__AIM OF THE TASK__
The reply should hold every line of the data below, unchanged, and none of the pictures.
**** PROVIDED MATERIAL
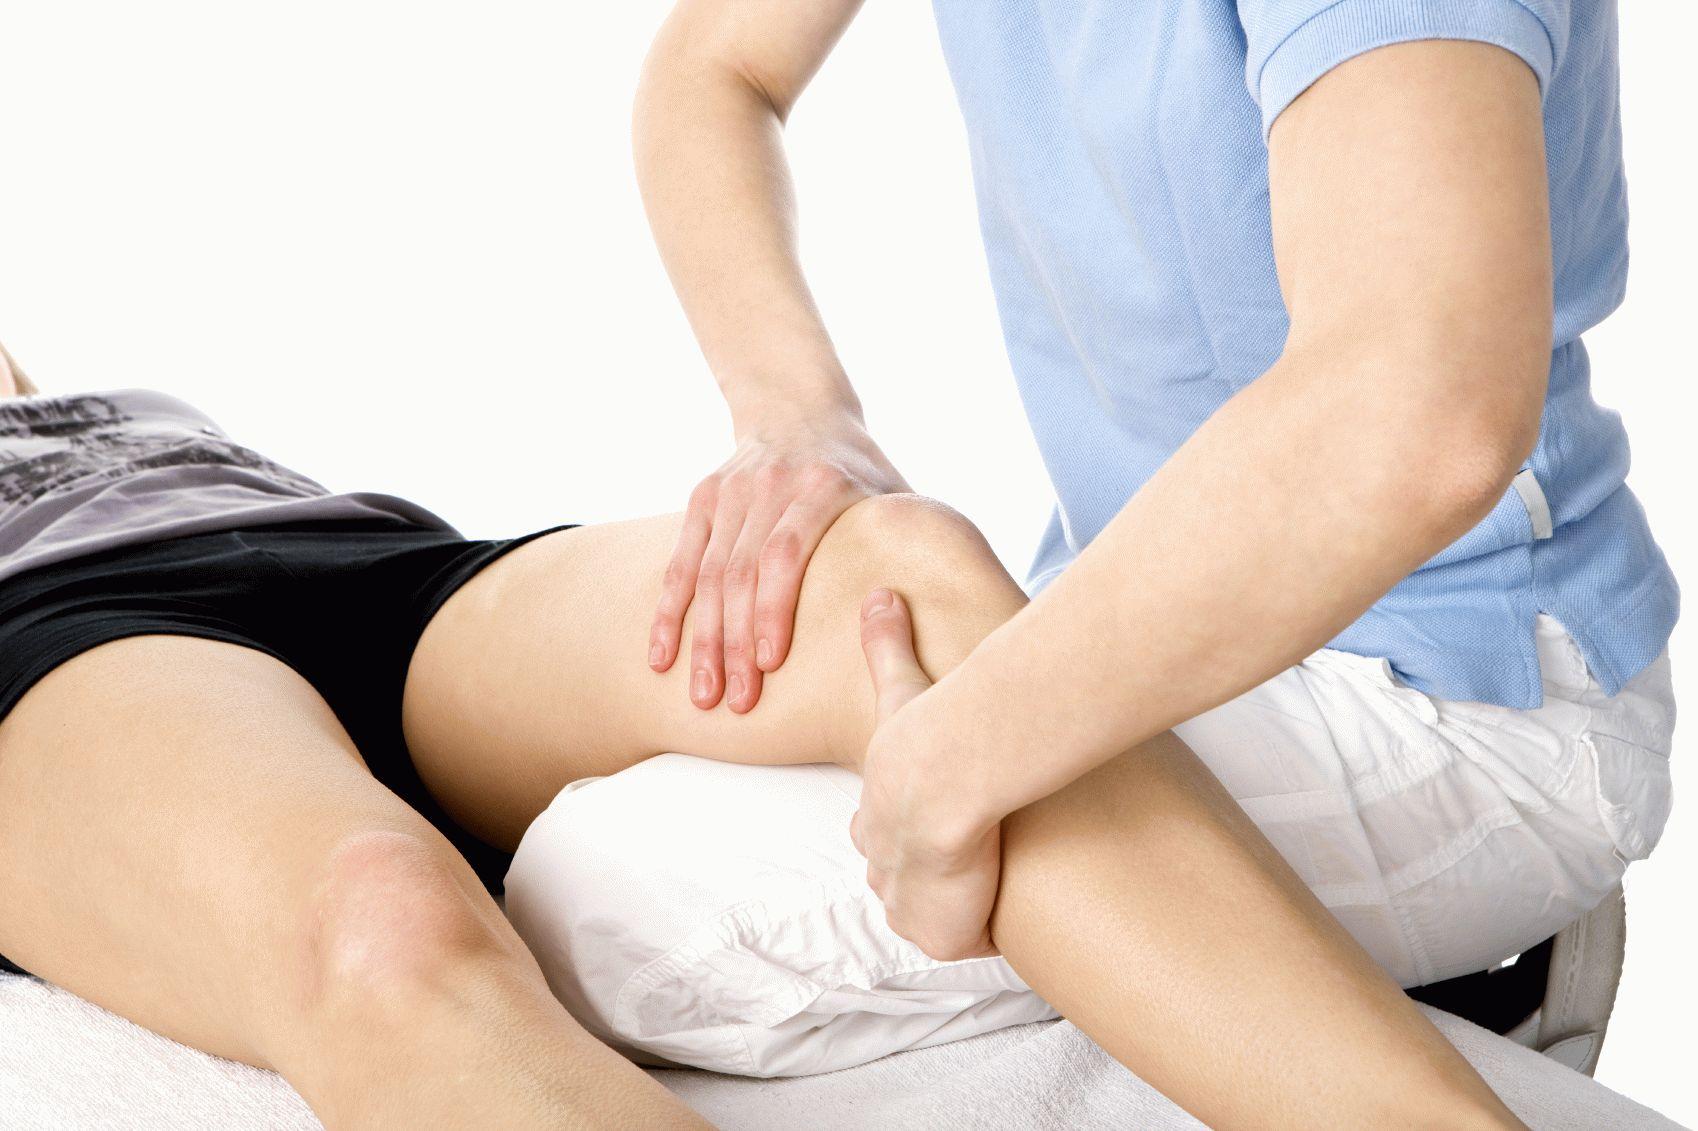 Картинки массажа коленных суставов медицинские аппараты для лечения артроза коленного сустава отличается от артрита
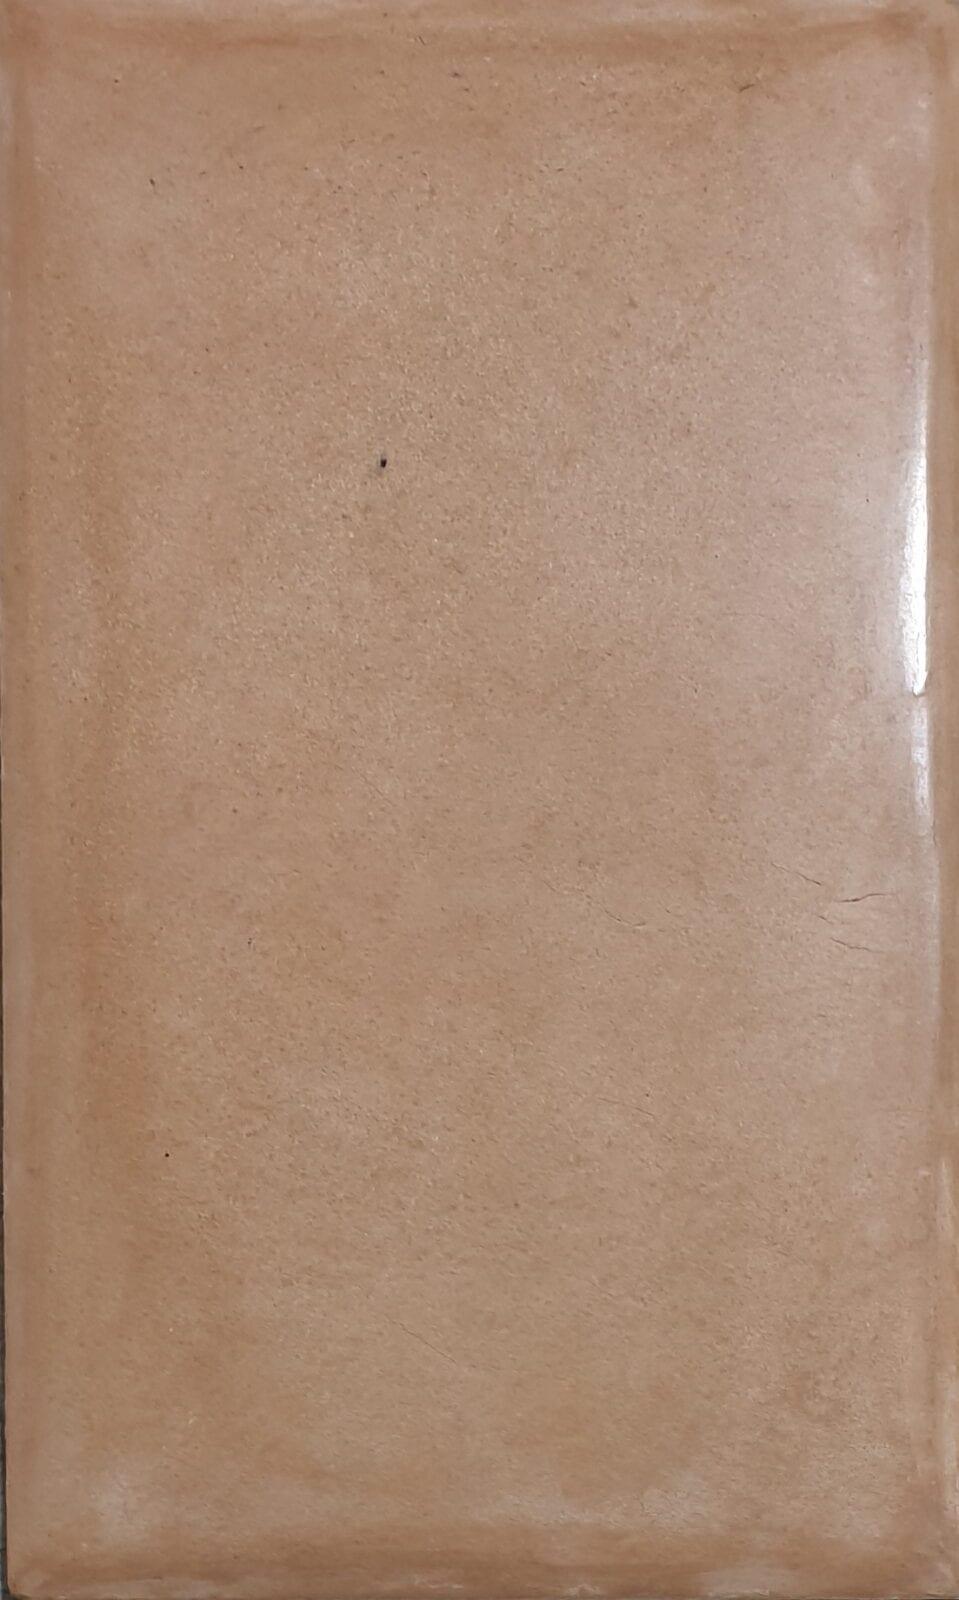 Tadelakt Nassau Tierrafino Stone
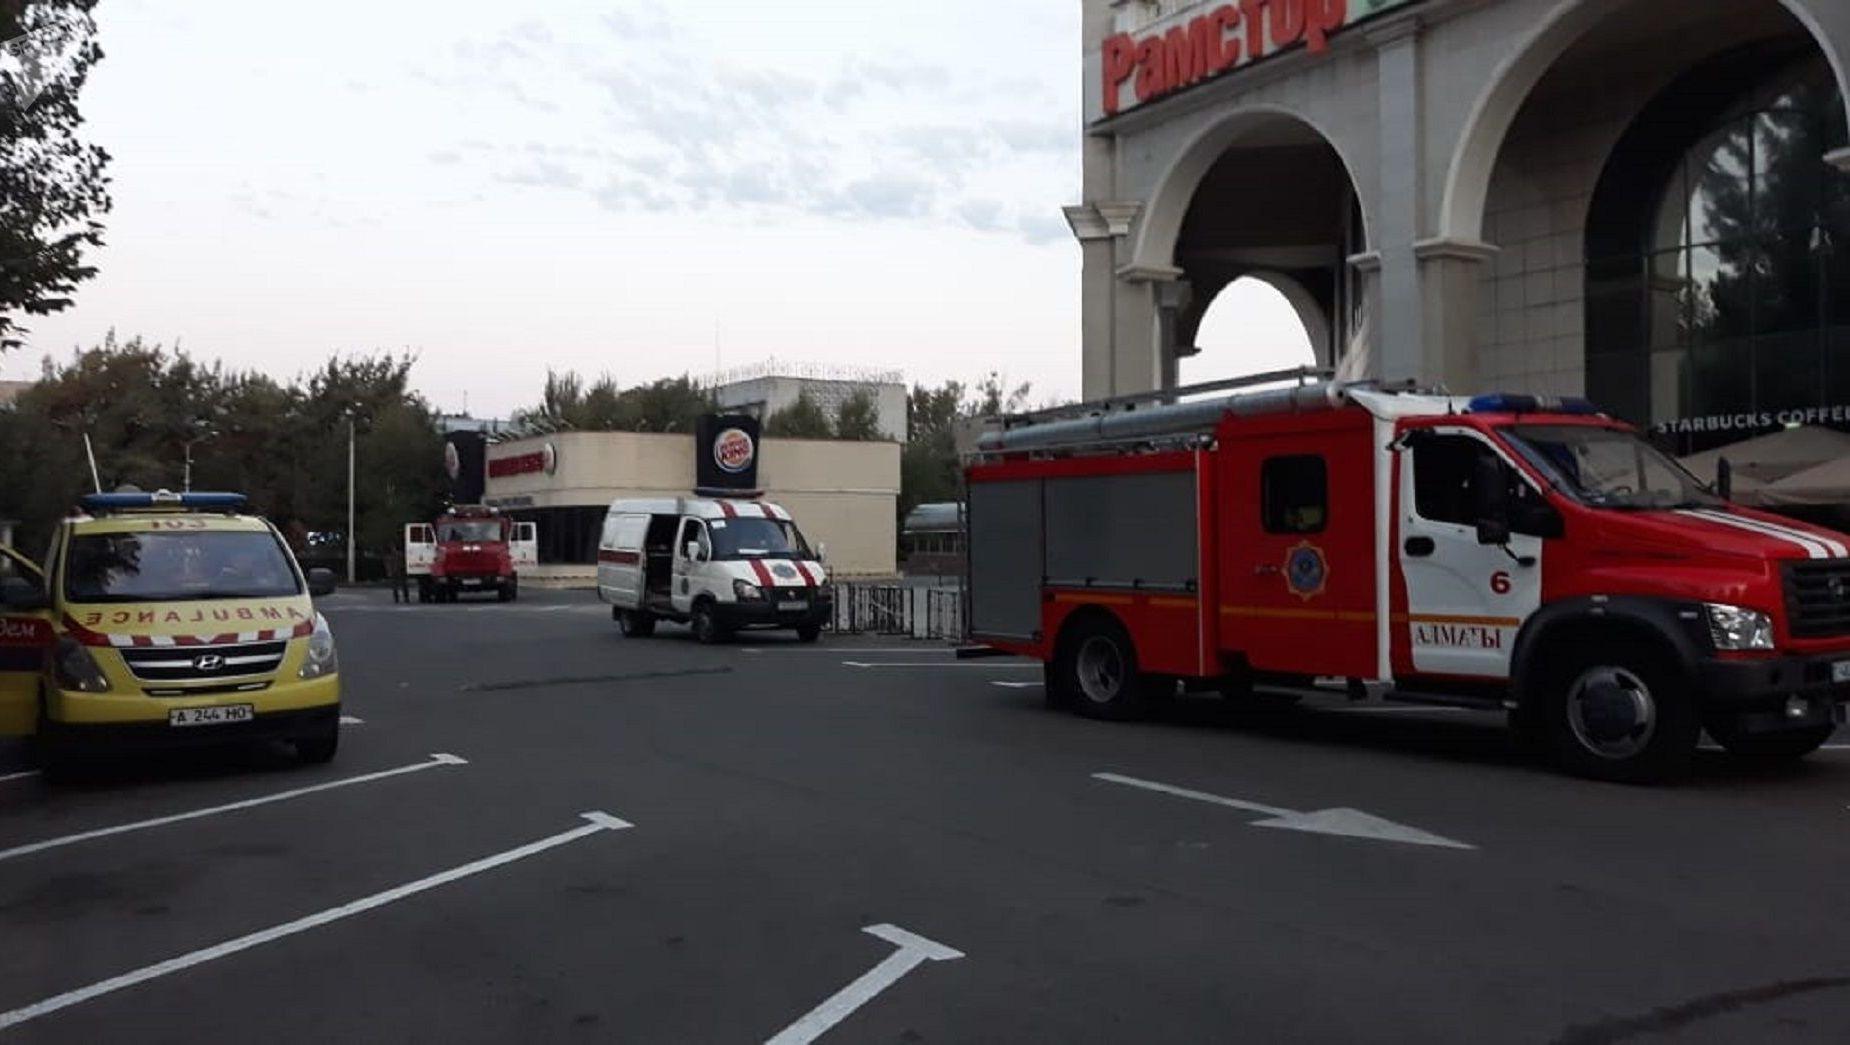 На место происшествия прибыли пожарные расчеты и скорая помощь
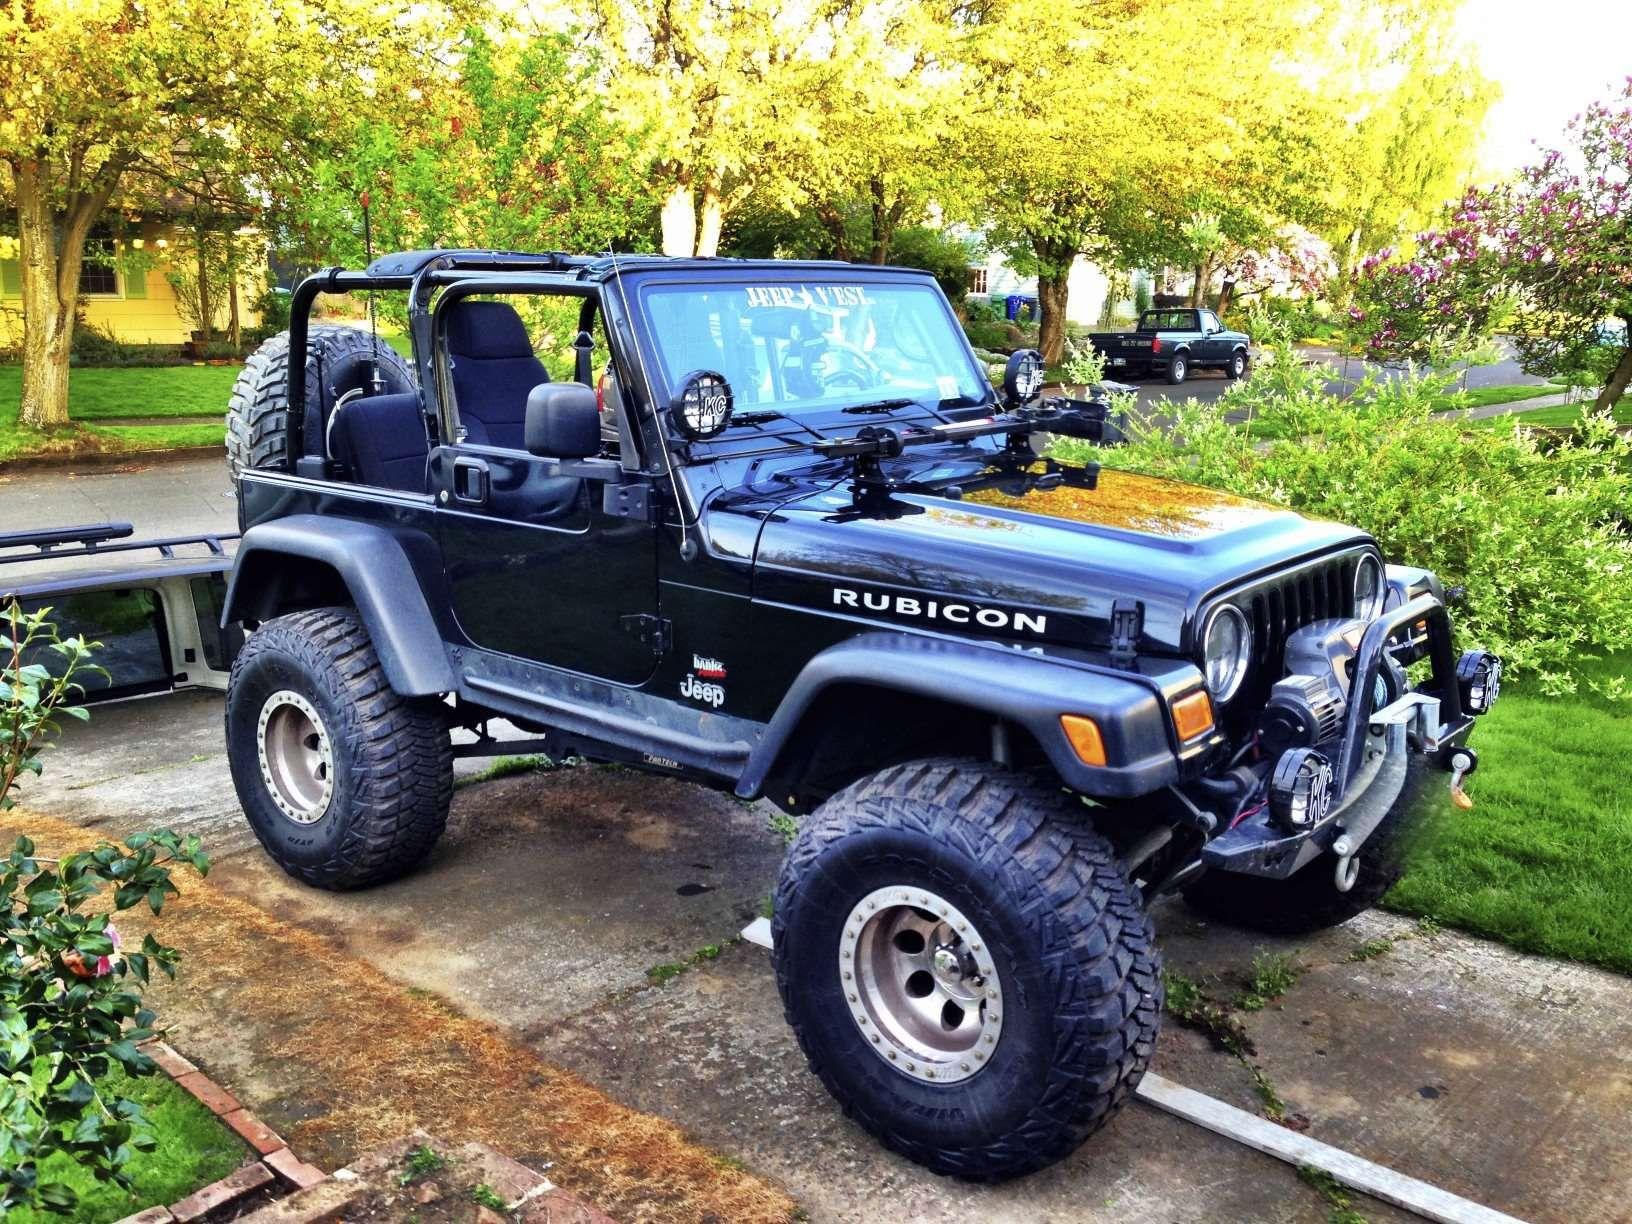 make jeep model wrangler year 2004 exterior color black interior color black doors two. Black Bedroom Furniture Sets. Home Design Ideas
********
__SOLUTION TO THE PROBLEM__
 Картинки массажа коленных суставов медицинские аппараты для лечения артроза коленного сустава отличается от артрита
 Tadelakt Nassau Tierrafino Stone
 На место происшествия прибыли пожарные расчеты и скорая помощь
 make jeep model wrangler year 2004 exterior color black interior color black doors two. Black Bedroom Furniture Sets. Home Design Ideas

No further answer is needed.